Profiting From a Bankrupt GM

Chrysler's taken the plunge. General Motors (NYSE: GM) has mounted the diving board. And the question now is, who's best placed to profit from a GM bankruptcy -- or more generally, the seismic changes taking place in the auto market?

The usual suspects

Some would suggest it's the Big Three Japanese automakers who will thrive from Detroit's demise. Toyota (NYSE: TM) has already won the title of "world's biggest automaker." Meanwhile, Nissan (Nasdaq: NSANY) and Honda (NYSE: HMC) should both benefit from weaker U.S. competition.

From my point of view, though, "none of the above" is the biggest potential profiteer from Detroit's implosion. To find the real winner, you need to train your binoculars not east, but north. To Canada. To Magna International (NYSE: MGA).

And now, for something completely different

Nearly four years ago, I laid out a roadmap for how North America's car industry might rise from the ashes of Detroit. Key to the plan was the arising of a "new" automaker -- one unburdened by the exorbitant legacy costs of the old Big Three automakers, having vast experience in the auto industry, capable of building its own cars, and most important of all, possessing that rarest of auto industry skills: Earning a profit.

GM? No, MM. Magna Motors

All of which fits Magna International to a "T." Over more than a century in business, Magna has proven itself arguably the best auto parts company on the planet. It sells parts to all of the automakers named above, and a few dozen more that aren't. And when I say "auto parts," I'm not even doing Magna justice. This company goes beyond churning out brake pads and steering wheels, folks. It builds whole cars.

In March, we learned that Ford (NYSE: F) has hired Magna to build the guts for its first-ever electric car -- a Focus spinoff that will travel 100 miles without drinking a drop of petrol, expected to hit dealer lots in 2011. Nor is Ford the only "carmaker" outsourcing its primary function to Magna.

Magna's Chief Technical Officer for the Americas, Ted Robertson, says the Focus's guts are: "a generic system we were designing so it could be put into anybody's vehicle." (Much like how Microsoft (Nasdaq: MSFT) puts its Sync system in Fords today, but has the right to sell it also to other companies any time they're ready.) Thus, Magna threatens to turn the rest of the industry into essentially a big marketing and distribution shop, while Magna makes the actual cars -- and much of the profits.

And that's just the start

Two years ago, Magna tried to become a "carmaker" in its own right, when it "lost" the bidding war for Chrysler (is there such a thing as a Pyrrhic loss?) Last month, we learned that Magna hasn't given up the dream, either. It's trying again, this time bidding -- whether with or against Fiat is still in question -- to take a stake in GM's European Opel division.

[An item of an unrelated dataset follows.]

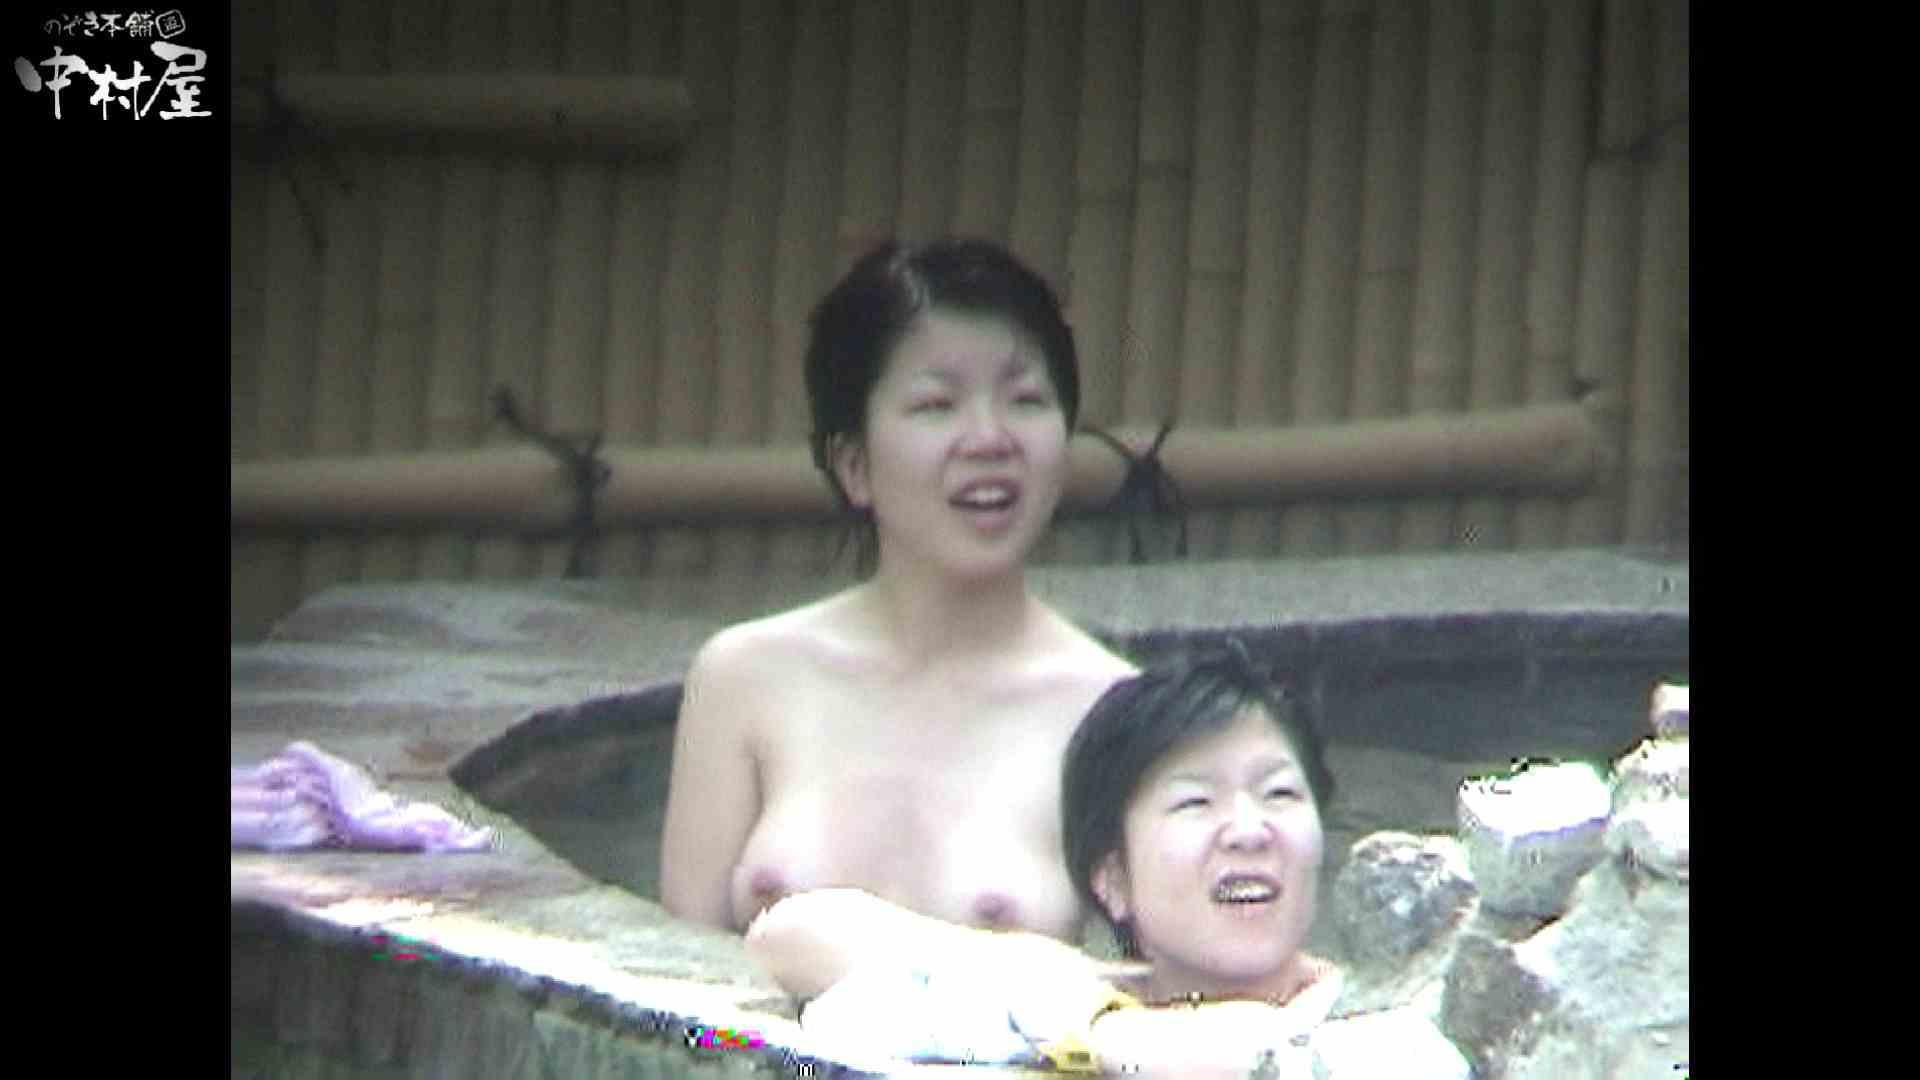 Aquaな露天風呂Vol.936 盗撮 AV無料 78枚 5

So to sum up, the global auto industry has been turned on its head, with Chrysler bankrupt and soon to be owned by its own union, GM en route to becoming "Government Motors," and now even the Japanese automakers are posting losses. With everyone else now in full-scale rout, here comes Magna International, hitting the accelerator and driving to disrupt the industry even further.

But is the price right?

The opportunity for Magna to thrive is clearly present. But... what about the price tag? I mean, the stock sells for almost a 60 P/E. Is this really something you can afford to invest in?

While that P/E may be off-putting at first, other measures of valuation suggest the stock could indeed present a compelling bargain. The value of its assets, for example. Magna's tangible book value amounts to $54.61 per share. That makes the $37 per share price look like pretty quite a sweet discount from sticker price.

Or the scale of its profits. In one of the worst markets for selling cars -- and car parts -- imaginable, Magna generated $315 million in free cash flow last year. Over the five years before that, the company generated more than $3.34 billion -- an average of $668 million per year.

Clearly, this is one car company that knows how to make a buck. And speaking of bucks, Magna's balance sheet shows nearly $2.8 billion in cash, and almost $200 million more in long-term investments. Long term debt amounts to a piddling $143 million, while pension obligations -- that hobgoblin of carmakers south of the (U.S.-Canada) border -- come to just under a modest $300 million.

At today's price, Magna's stock alone sells for just under 13 times trailing free cash flows. For a company that most analysts think will grow at 11.65% annually over the next five years, that seems reasonable. For a company as cash-heavy as Magna is, it's downright cheap.

While Detroit flounders, and even Tokyo shows itself capable of losing money, Canadian Magna continues to motor on.So it looks like Magna shareholders could be in for one very profitable ride.